Measurements: Charts, Graphs, Software & Methods

This isn’t targeted directly at you, but since you raise some questions/counters that I see being raised regarding measurements (that is, individual measurements taken by people, not the concept of using measurements in general) quite a bit, and have some opinions on, you have the poor luck of having to hear my thoughts :stuck_out_tongue:

With the caveat that we’re referring to “sufficiently good” measurement systems - which would include anything based on the standards bar IEC-60318-1 couplers, I suppose, as well as a number of ways of doing probe measurements on real ears - the disparity in results between two systems with the same headphone should not be very significant after accounting for difference between the transfer functions of those systems. As an example, I have done measurements of headphones on my HATS’ head with both its internal microphones, built into its ear sims, and with a small open canal probe microphone I constructed. If I plot a single headphone’s measurement on both, we’ll see a large difference.

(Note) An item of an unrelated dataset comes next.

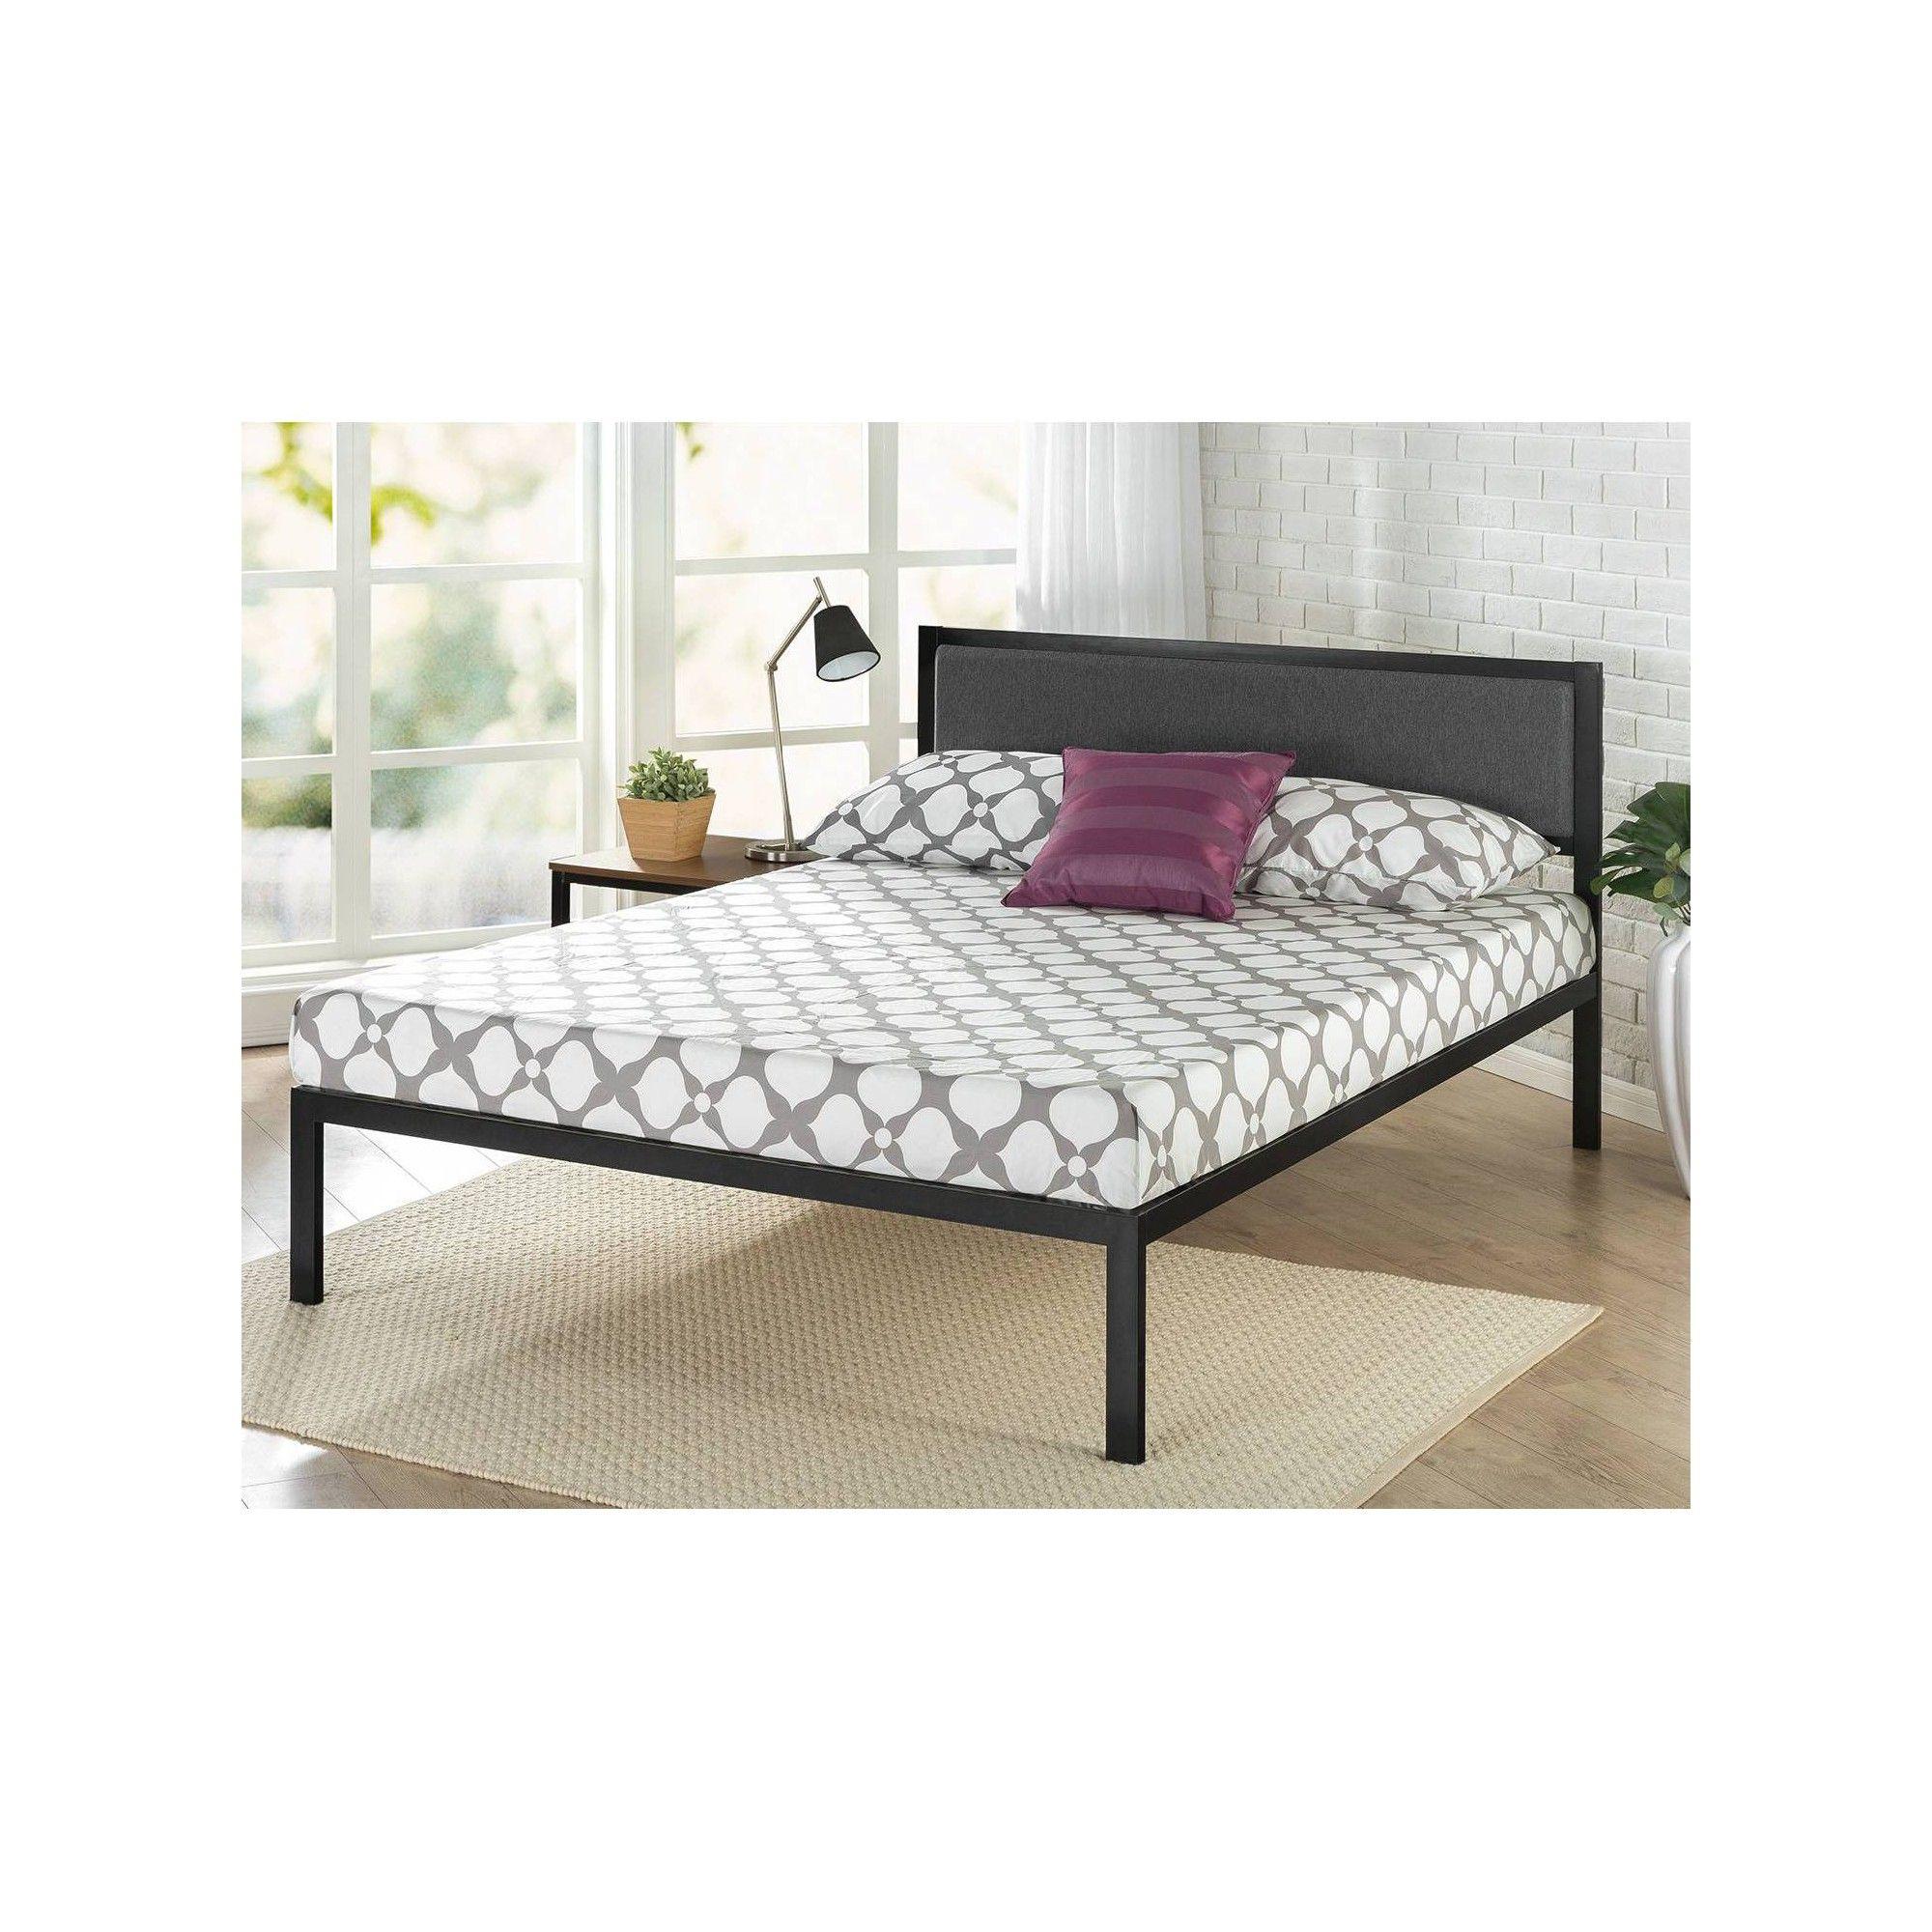 Queen Korey Platform Metal Bed Frame With Upholstered Headboard

Shock and horror, clearly one of these is an unsuitable measurement system, right? Well, maybe not - after all, measurements of SPL in our own ears should certainly correlate to what we hear, and measurements on standard fixtures like my HATS also correlate with perception. How do we bridge the gap, then? Well, it’s down to the difference in what’s impacting incoming sound here - my microphone bypasses the canal and takes its measurement at the entrance, so that part of the HRTF is absent, leaving a difference by frequency (made by subtracting one from the other) that looks like this. This looks pretty close to me to the delta between the eardrum and open canal measurements found by Hammershøi & Møller 2008 (HRTFs under three conditions, blocked canal, open canal, and eardrum measurements are found on table II).

So long as this difference is constant with respect to headphones (which, depending on what’s different about the transfer function, may not be the case - /u/oratory1990 on Reddit has written a fair bit about where he perceives acoustic impedance mismatch as misleading in this case), we can compensate for it universally, either by subtraction, or in this case by using the eardrum data for the ear sims and the open canal data for the probe mics. In the case of this particular mic, several headphones show pretty common differences - not complete agreement (there are, after all, other factors influencing FR variation, including simply slightly different placements and environmental noise), but close enough that with a compensation shaped like the delta between the systems for any one headphone, you’d get a pretty good prediction of what a headphone that measured a certain way on one measured on the other. And in that case, you have comparability - that’s the standard I set for a useful measurement system, indeed. Not everyone necessarily needs a HATS, so long as the system they use varies in a static way relative to different headphones - I’ve banged on about this here before, but I really do think it’s significant; if both systems are “human-accurate enough”, all you need to know is what the differences are, and of course for standards-compliant professional equipment, these differences will be quite small for ear simulators and pinnae.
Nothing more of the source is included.